Along with the incredible explosion of density cooking in the region directly around the Domain, there’s a few notable projects headed to other parts of North Austin looking to try something different from the region’s largely sprawled-out style of development. Multistory residential buildings really stick out in this part of town at the moment, but it’s a great start — and a rezoning case unanimously recommended by the Planning Commission at its meeting earlier this week is bringing a new direction to a region of Shoal Creek Boulevard currently occupied by an almost comical number of parking lots. Seriously, get a load of this aerial:
The site, a roughly 3.1-acre assembly of two adjacent warehouse properties at 8640 and 8700 Shoal Creek Boulevard owned by local firm Karnak Holdings, successfully added a Planned Development Agreement (PDA) overlay to the properties’ current Light Industrial zoning status, allowing their redevelopment as an apartment project by major Texan multifamily builder OHT Partners. (Please don’t ask why it’s necessary to add a new overlay and keep the old industrial zoning to build housing here. Austin’s practically middle-aged land development code is so stupid it almost beggars belief.)

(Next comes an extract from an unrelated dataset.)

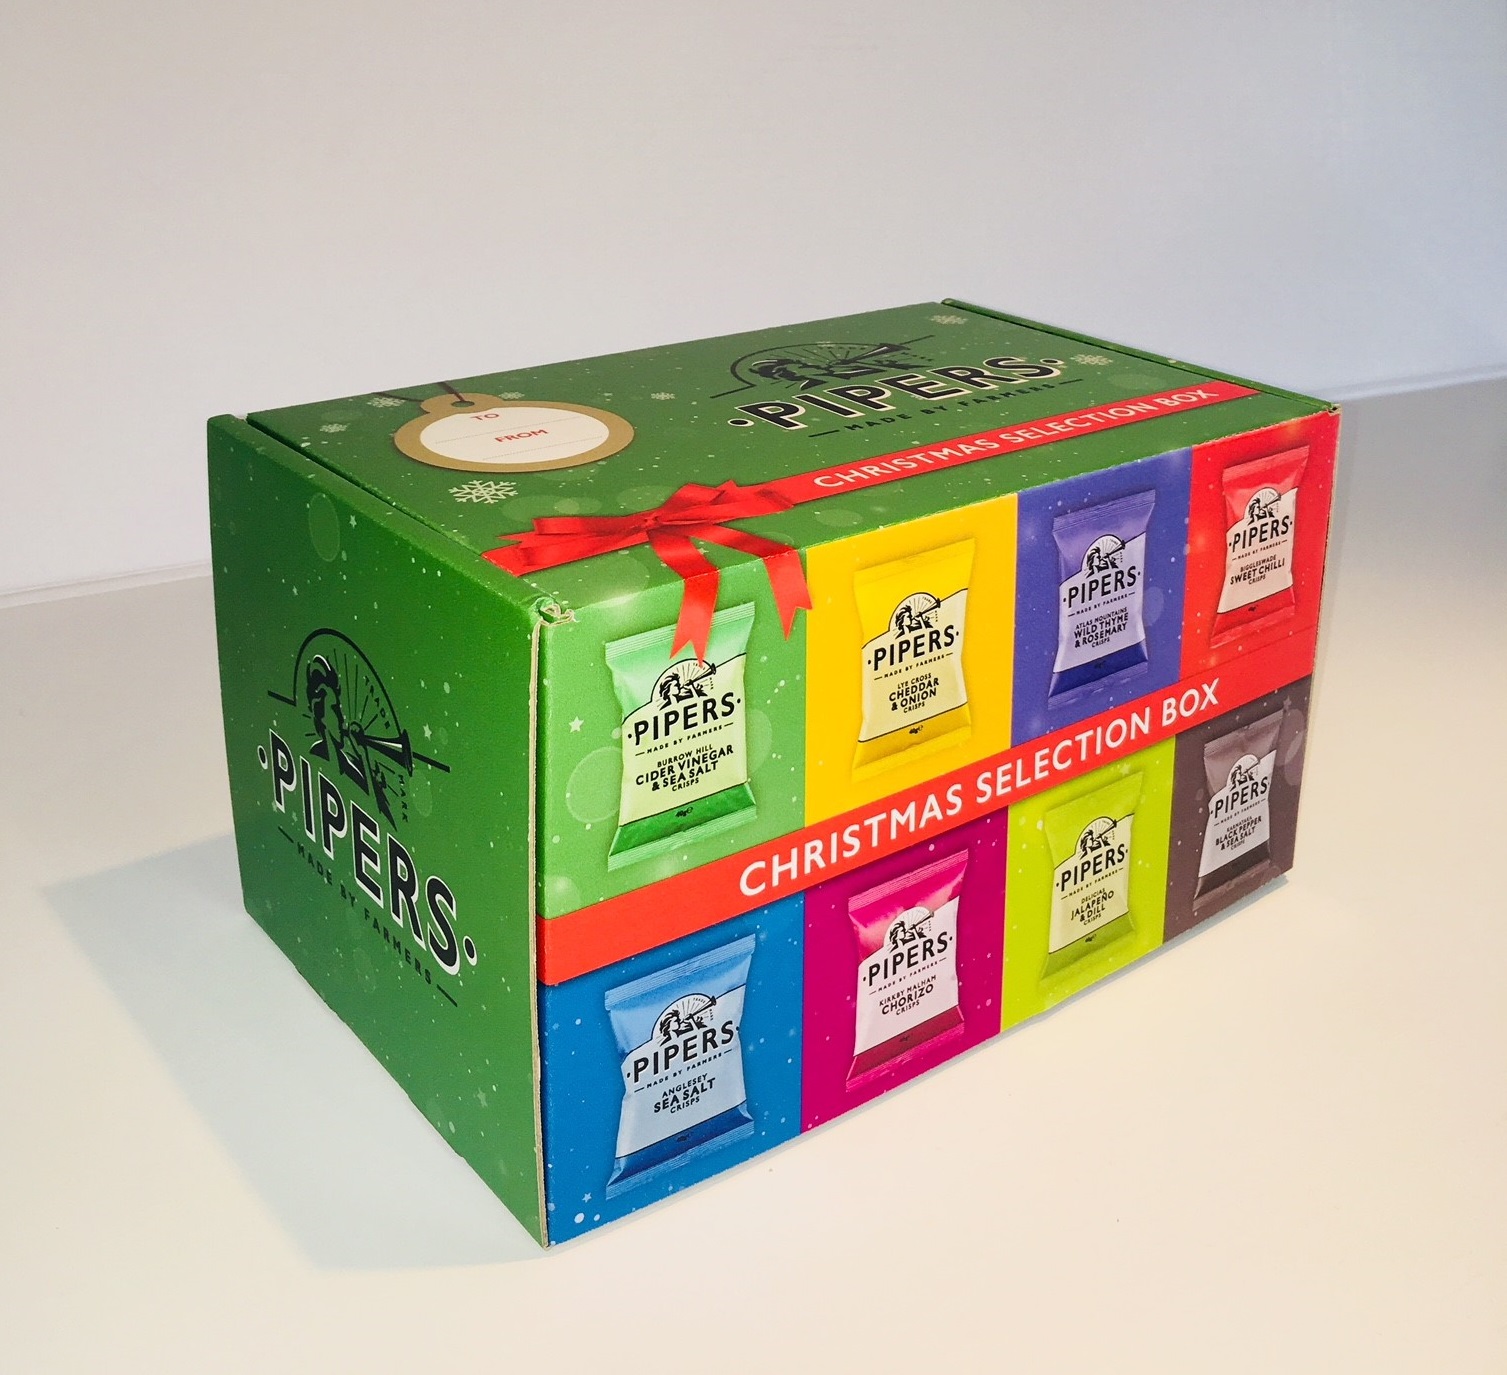 Christmas Selection Box for the Pipers Crisps

Despite a few compatibility setbacks imposed by the presence of single-family homes within the limit of 540 feet — hey, there’s that absurd code again — the planned apartment building at this site will be able to rise to a maximum height of 75 feet thanks to this zoning tweak, with current city documents indicating approximately 330 new residences are expected here. The project has also secured the support of the North Shoal Creek Neighborhood Association by designating 10 percent of the apartments as affordable at 80 percent of the region’s Median Family Income, along with providing sidewalk improvements along the site’s frontage. Considering what this area looks like now, we’re not surprised to see the neighbors getting on board.
Even though we’ve already had a good laugh about the sheer number of parking lots surrounding this site, if you hop on street view you’ll see perhaps the most notable thing about the location is its pretty decent tree cover, so we’re also glad to hear from the developers that the project will make efforts to preserve heritage trees at the property. While this and other finer details of the new building are currently unknown, the staff report on the rezoning case prepared for the Planning Commission contains a pretty good line about where this district could (and should) be heading:
Shoal Creek Boulevard is in the process of transitioning to a mixed use area that permits a variety of commercial and multifamily uses.
— Planning Commission Staff Report
Like we’ve said before, you gotta start somewhere!